An audio chat moderation workflow could be initiated by a user reporting other users on a gaming platform for policy violations such as profanity, hate speech, or harassment. This represents a passive approach to audio moderation. The system records all audio conversations without immediate analysis. When a report is received, the workflow retrieves the related audio files and initiates the analysis process. A human moderator then reviews the reported conversation, investigating its content to determine if it violates platform policy.

Workflow diagram

Alternatively, the workflow could be triggered proactively. For instance, in a social audio chat room, the system could record all conversations and apply analysis.

Audio moderation workflow

Both passive and proactive approaches can trigger the following pipeline for audio analysis.

The audio moderation workflow involves the following steps:

  • The workflow begins with receiving the audio file and storing it on a Amazon Simple Storage Service (Amazon S3) bucket for Amazon Transcribe to access.
  • The Amazon Transcribe StartTranscriptionJob API is invoked with Toxicity Detection enabled. Amazon Transcribe converts the audio into text, providing additional information about toxicity analysis. For more information about toxicity analysis, refer to Flag harmful language in spoken conversations with Amazon Transcribe Toxicity Detection.
  • If the toxicity analysis returns a toxicity score exceeding a certain threshold (for example, 50%), we can use Knowledge Bases for Amazon Bedrock to evaluate the message against customized policies using LLMs.
  • The human moderator receives a detailed audio moderation report highlighting the conversation segments considered toxic and in violation of policy, allowing them to make an informed decision.

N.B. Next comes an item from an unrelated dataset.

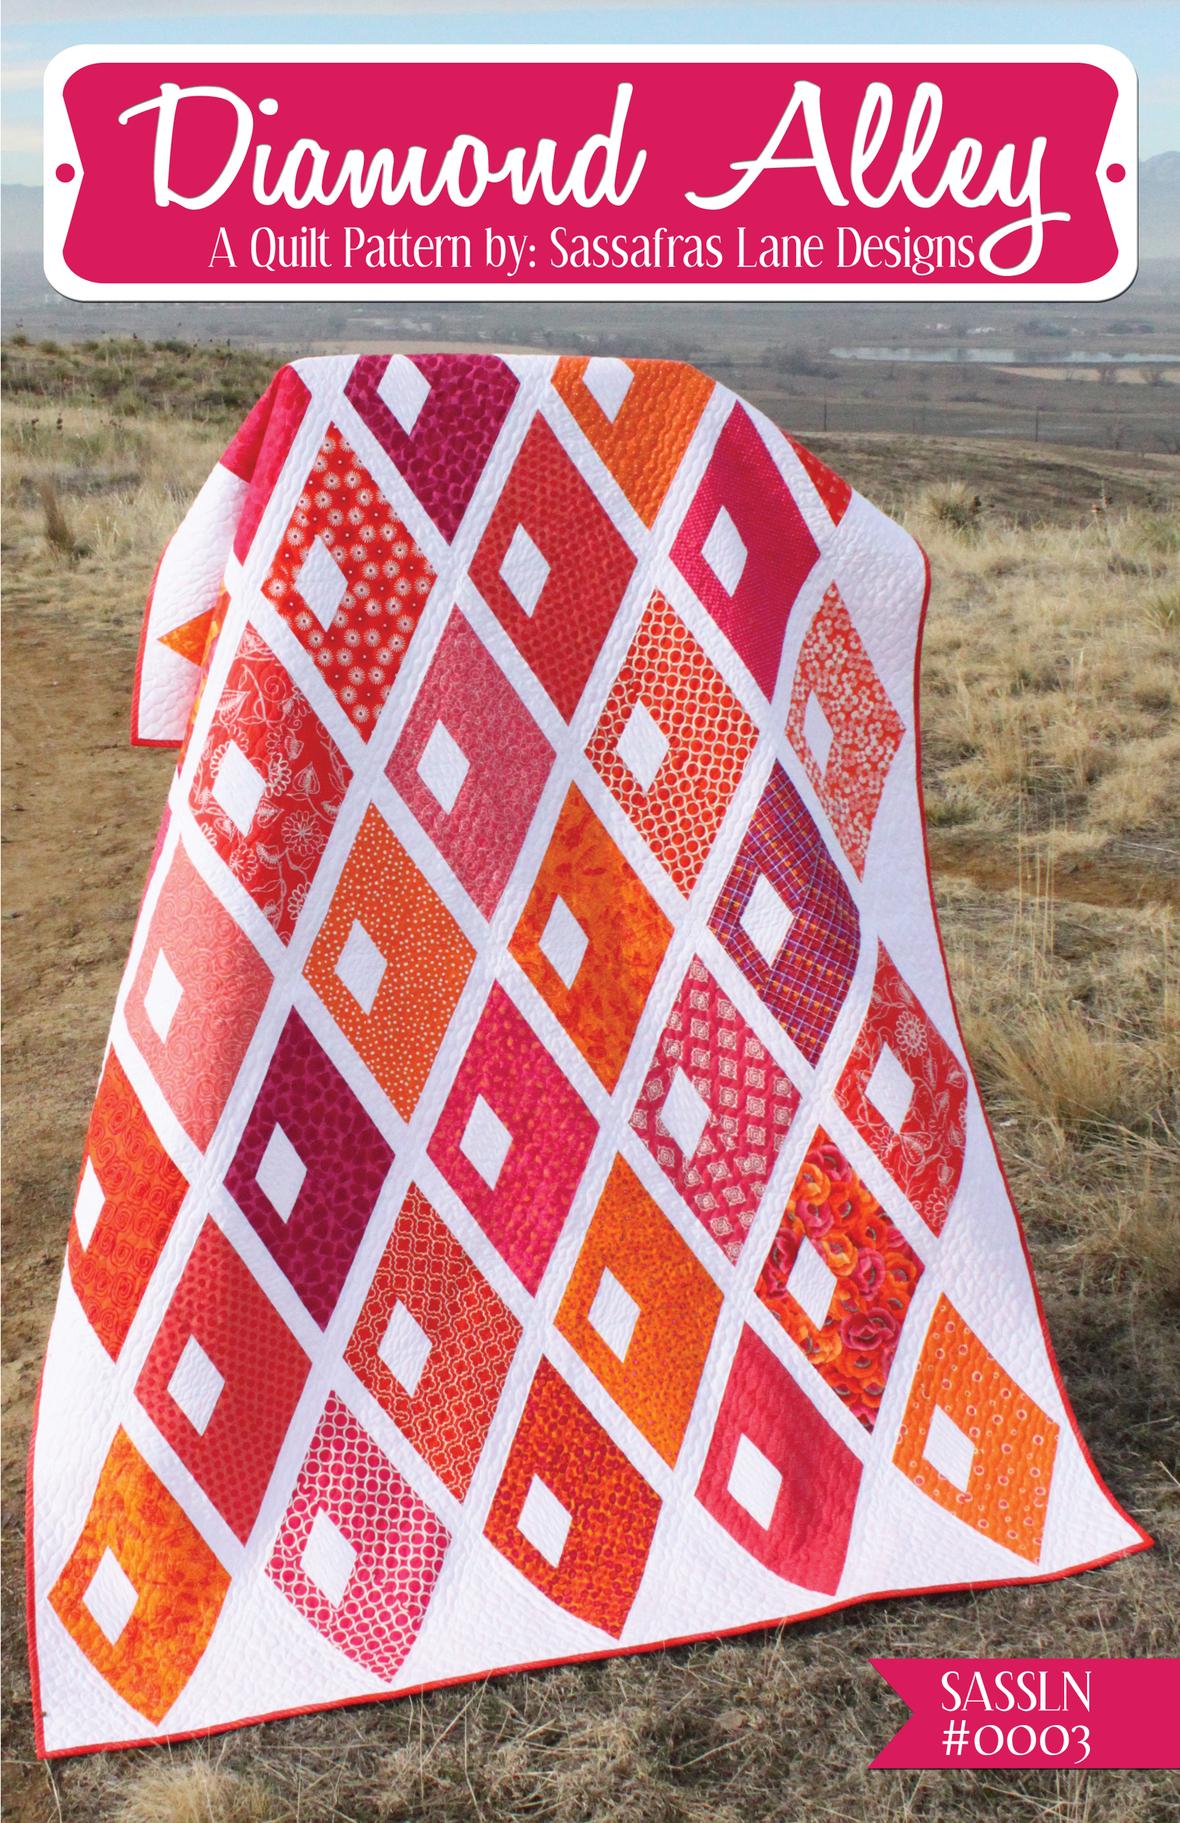 sassafras lane designs diamond alley sewing pattern

The following screenshot shows a sample application displaying toxicity analysis for an audio segment. It includes the original transcription, the results from the Amazon Transcribe toxicity analysis, and the analysis conducted using an Amazon Bedrock knowledge base through the Amazon Bedrock Anthropic Claude V2 model.

The LLM analysis provides a violation result (Y or N) and explains the rationale behind the model’s decision regarding policy violation. Furthermore, the knowledge base includes the referenced policy documents used by the evaluation, providing moderators with additional context.

Sample app screenshot

Amazon Transcribe Toxicity Detection

Amazon Transcribe is an automatic speech recognition (ASR) service that makes it straightforward for developers to add speech-to-text capability to their applications. The audio moderation workflow uses Amazon Transcribe Toxicity Detection, which is a machine learning (ML)-powered capability that uses audio and text-based cues to identify and classify voice-based toxic content across seven categories, including sexual harassment, hate speech, threats, abuse, profanity, insults, and graphic language. In addition to analyzing text, Toxicity Detection uses speech cues such as tones and pitch to identify toxic intent in speech.

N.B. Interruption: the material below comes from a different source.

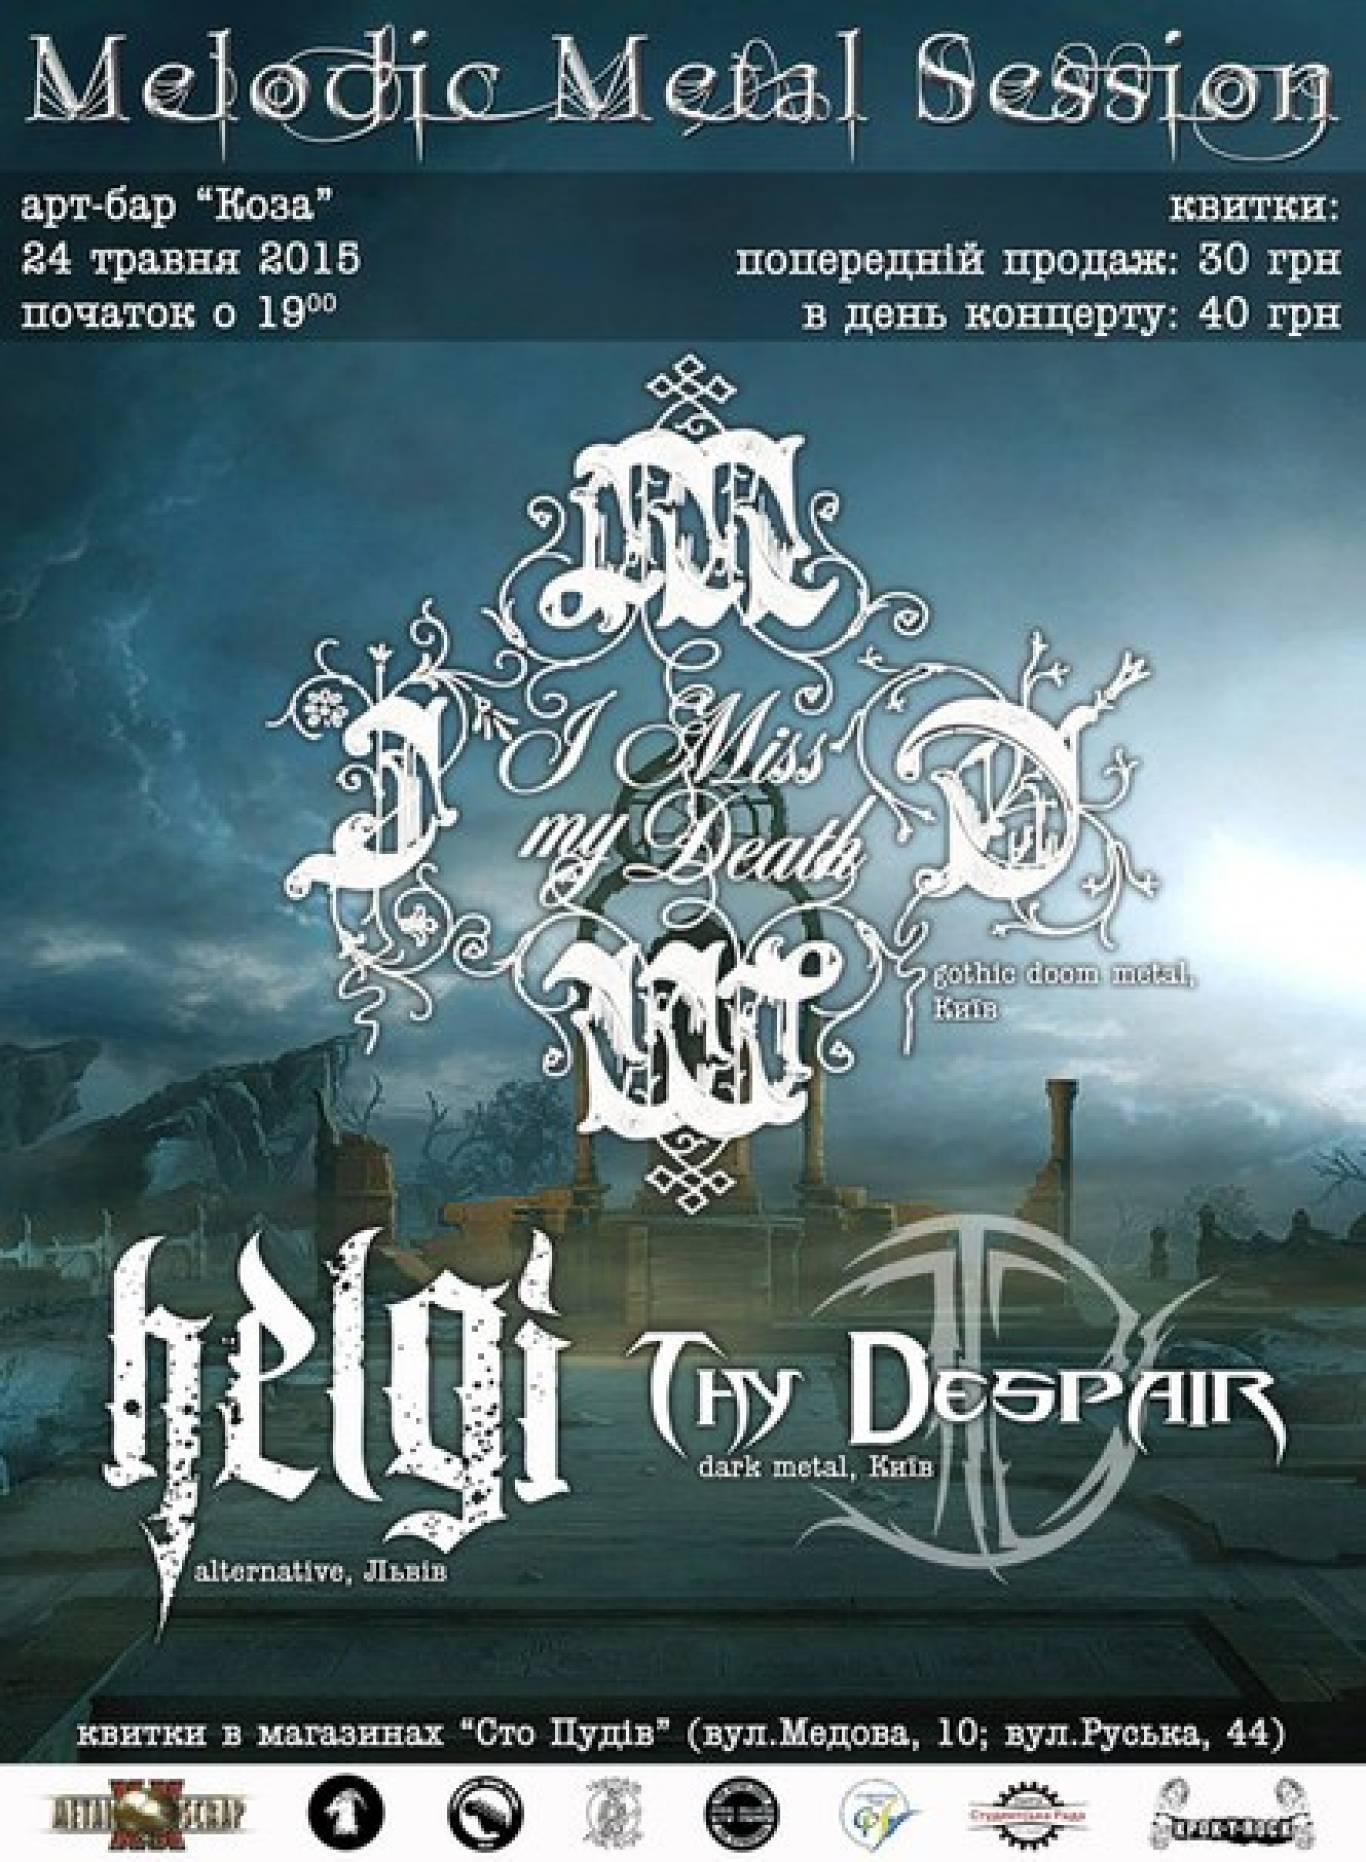 Melodic Metal Session VI

The audio moderation workflow activates the LLM’s policy evaluation only when the toxicity analysis exceeds a set threshold. This approach reduces latency and optimizes costs by selectively applying LLMs, filtering out a significant portion of the traffic.

Use LLM prompt engineering to accommodate customized policies

The pre-trained Toxicity Detection models from Amazon Transcribe and Amazon Comprehend provide a broad toxicity taxonomy, commonly used by social platforms for moderating user-generated content in audio and text formats. Although these pre-trained models efficiently detect issues with low latency, you may need a solution to detect violations against your specific company or business domain policies, which the pre-trained models alone can’t achieve.

Additionally, detecting violations in contextual conversations, such as identifying child sexual grooming conversations, requires a customizable solution that involves considering the chat messages and context outside of it, such as user’s age, gender, and conversation history. This is where LLMs can offer the flexibility needed to extend these requirements.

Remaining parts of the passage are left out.